In economic news, third quarter GDP rose which pushed the annualised growth rate to 2.8%. The equity market was higher, but trade data was surprisingly weak for October. The October trade surplus recorded $105 million against the consensus of $1.5 billion. Exports dropped with most of the weakness attributed to falling iron ore prices and lower volumes of coal exports as China tightened its environmental controls. The best performing sector in the market was telecommunications, supported by Telstra with the regulator saying it would not oppose the merger of Foxtel and Fox Sports. Under the deal, News Corp will hold 65% of the new entity and Telstra will own 35%. The worst performing sectors were industrials, materials and health care. In company news, G8 Education was the worst performing company on the ASX 200 index after the childcare centre operator cut its earnings guidance for FY18 and said it expected conditions to remain challenging for the next 6-9 months.

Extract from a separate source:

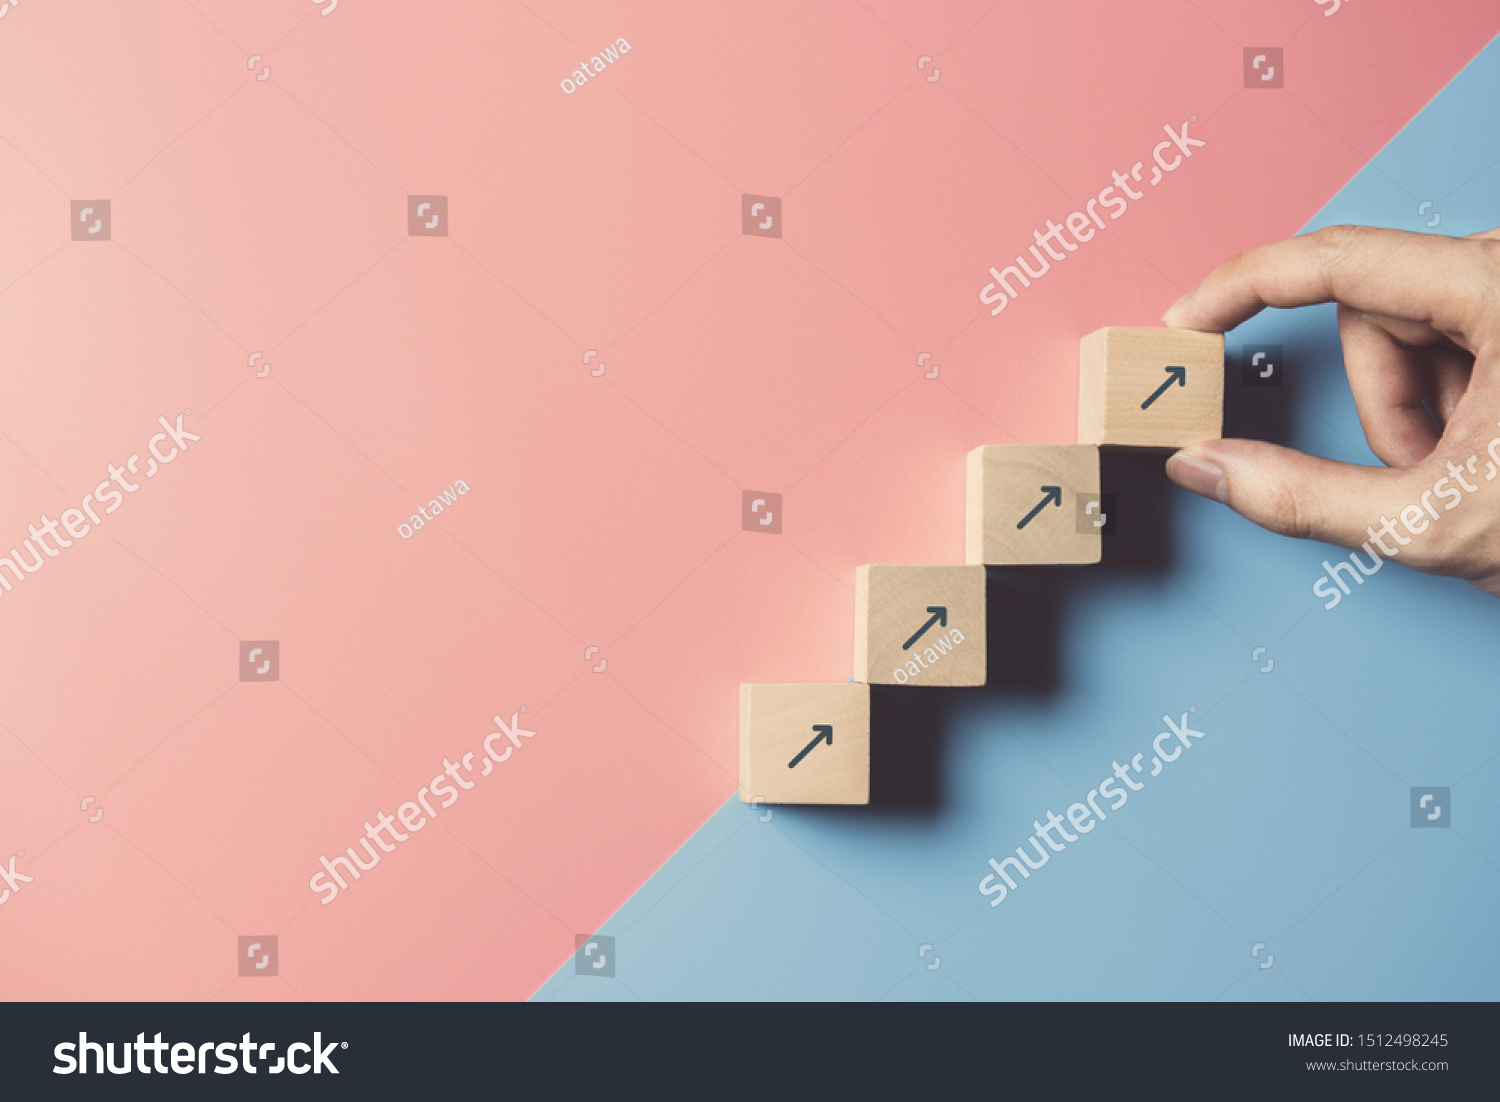 Business concept growth success process, Close up man hand arranging wood block stacking as step stair on paper blue and pink background, copy space. #1512498245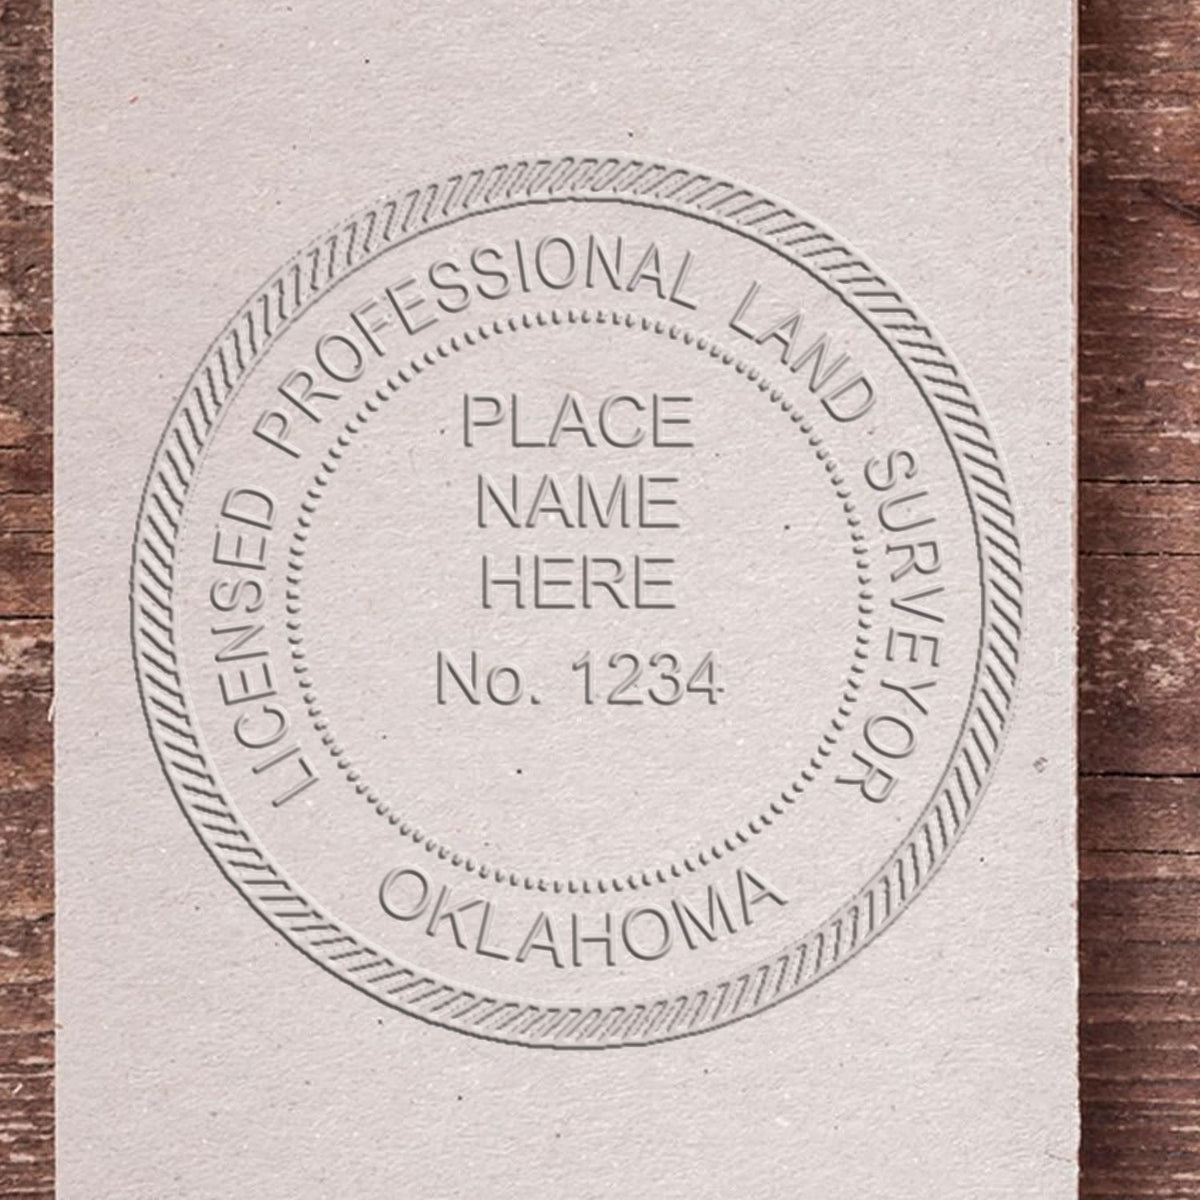 A photograph of the Hybrid Oklahoma Land Surveyor Seal stamp impression reveals a vivid, professional image of the on paper.

In global markets, Wall Street was lower, influenced by developments including a probe into Russia’s alleged involvement in the U.S. election and progress on a tax bill in Congress. Investors seemed cautious about the Republican plan to slash corporate taxes and the impact of the proposed cuts ahead of lawmakers reconciling bills from the Senate and the House.
European markets were higher on a glimmer of hope in Brexit talks. Asian markets were lower as oil tumbled the most in two months on Wednesday. There was also some volatility as markets await China’s trade and inflation data.
The Australian dollar was lower against major global currencies again this week after a fall in the price of iron ore and weaker than expected economic data including third-quarter GDP and trade data. The Australian dollar fell close to US75c, the lowest level since June.